Hi- I haven't posted in awhile. I found this website when I found out that my chocolate lab, Lucy, had been diagnosed with lymphoma a month ago. We put her on prednisone and the last 3-4 weeks have been great. She regained her energy and appetite, but we knew it would be temporary. She has really declined this week and we have decided to have her euthanized on Saturday at home with us.
I am feeling very scared and sad about the whole thing. I know in my heart it is the right thing, but it doesn't offer me any comfort. I can't imagine my life without her. I have read some people's stories about their experiences with euthanizing their little ones and this has helped me prepare somewhat. I would be grateful for any other advice from those of you who have had to make this agonizing decision.

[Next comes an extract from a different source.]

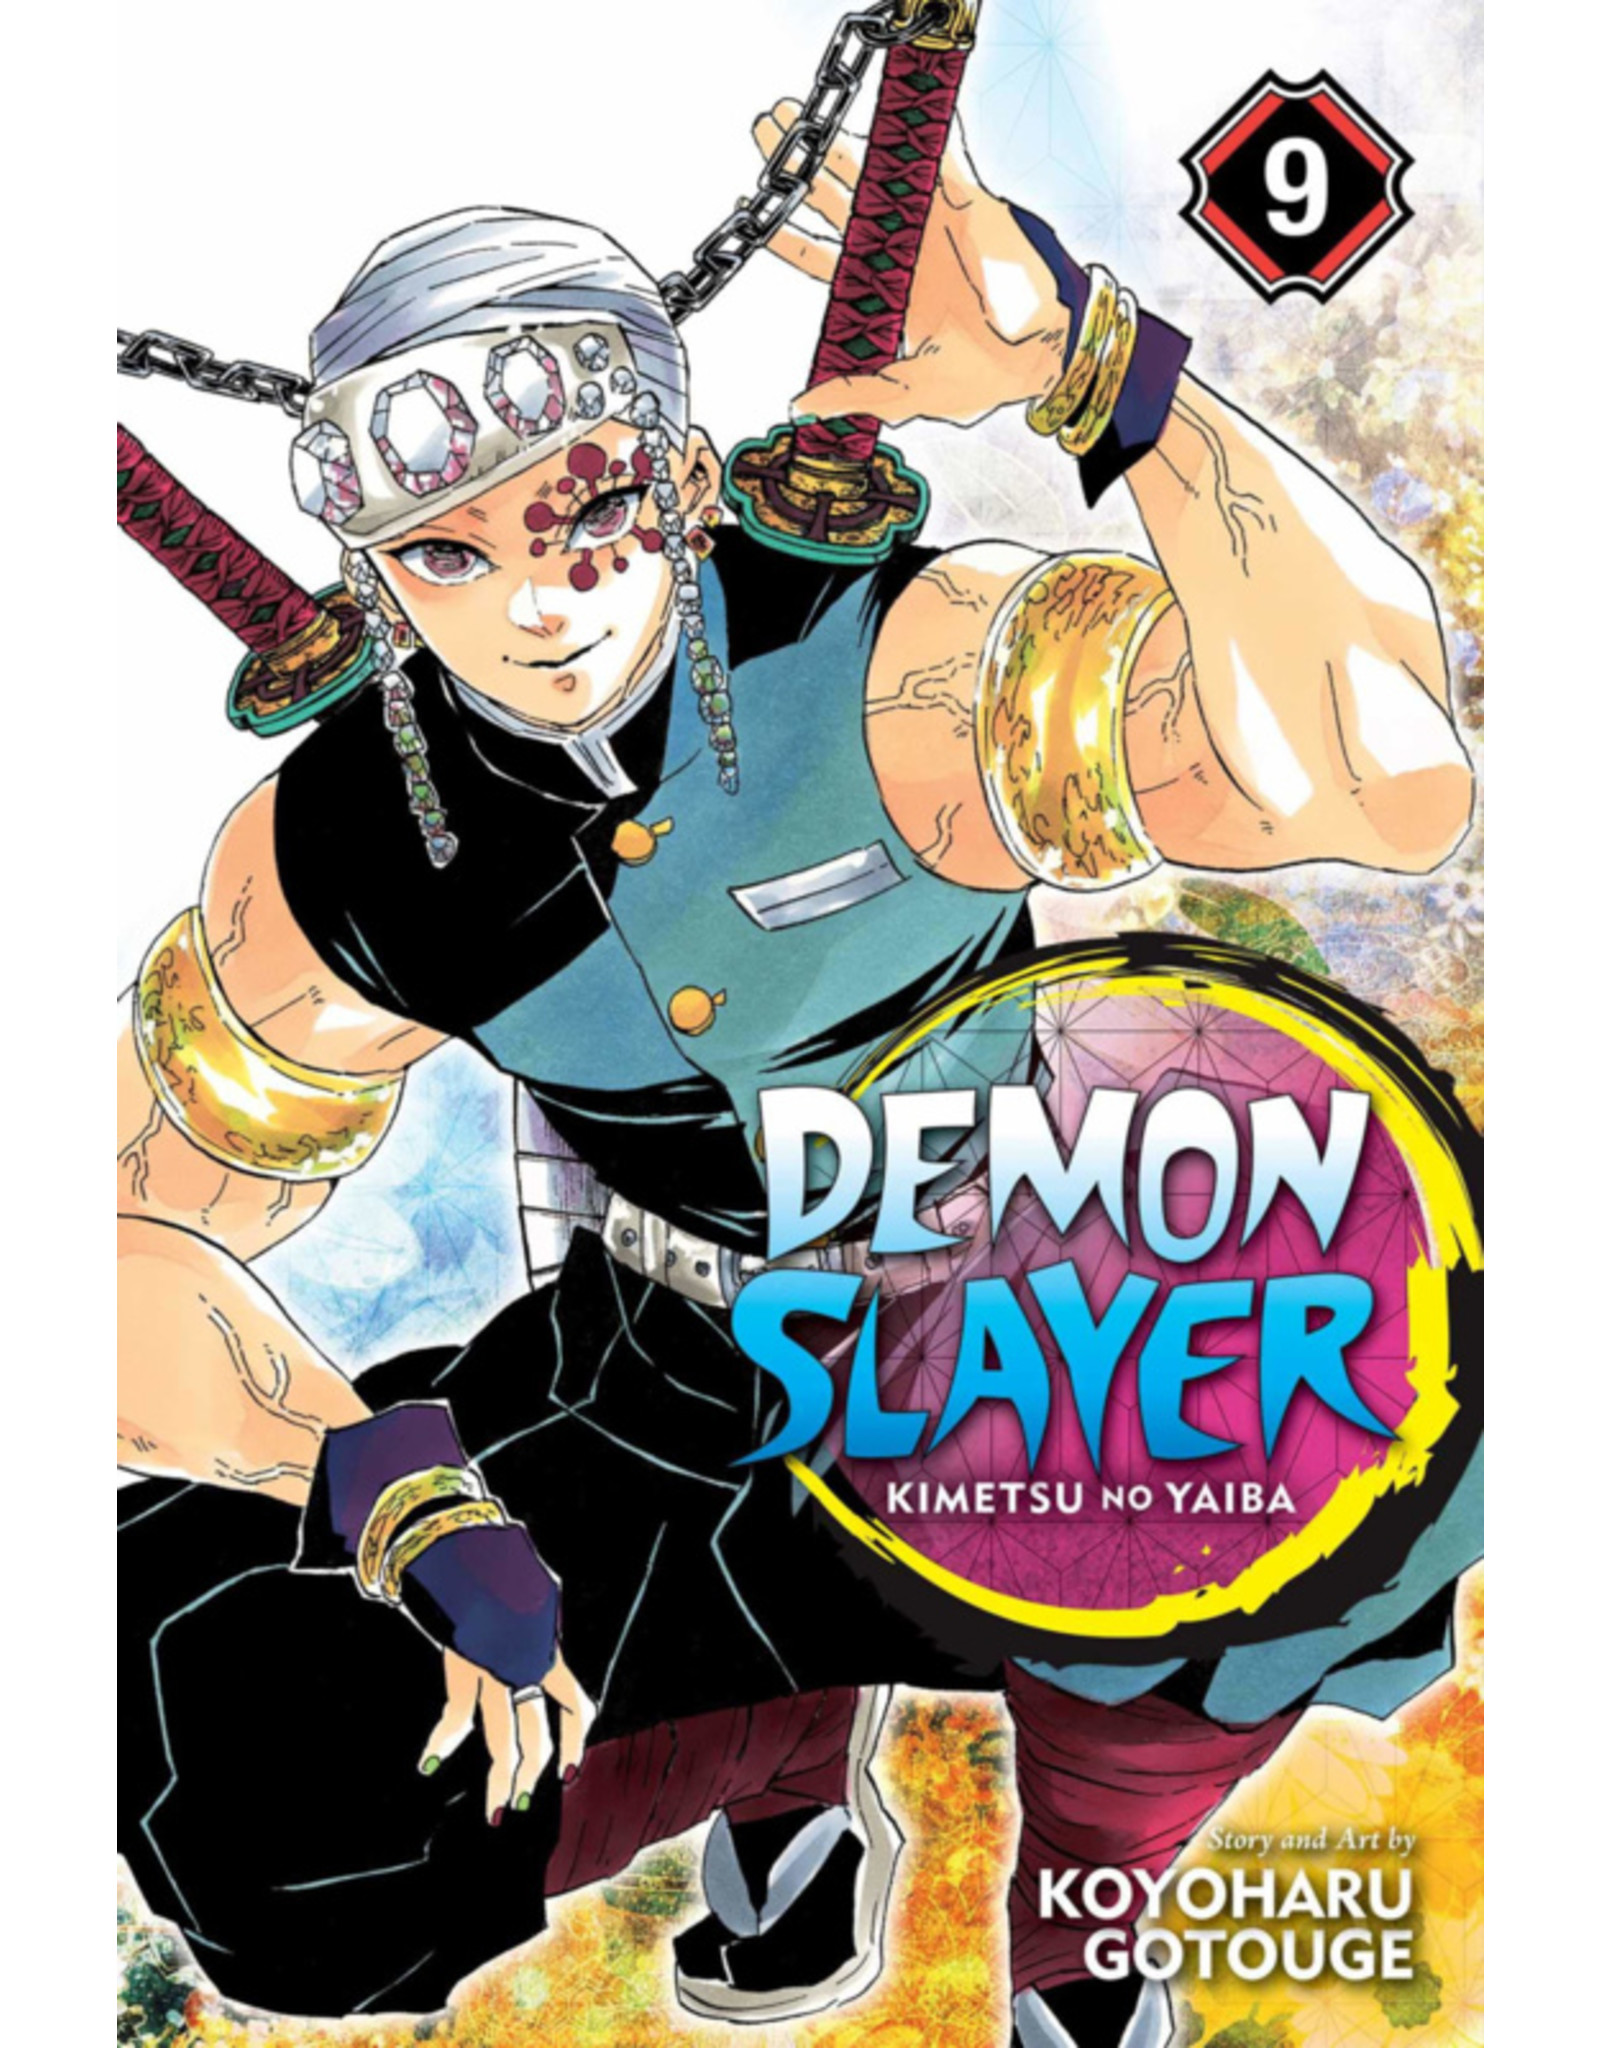 Demon Slayer Volume 09 (English version)

We plan on taking our girl to the beach for one last swim on Saturday. It is hard to believe that this is all real. She is only five and I feel cheated out of many years I had hoped we would spend together. Thank you again for all of the support you at LS have given. Everyone at LS was so kind to me when I initially posted after getting Lucy's diagnosis. I was in complete shock and walked around in a daze for more than a week. Now all I feel is a huge pit in my stomach that won't go away. I know the worst is still to come. I had hoped not to have posted this message for awhile, foolishly thinking that we were going to have more time with her.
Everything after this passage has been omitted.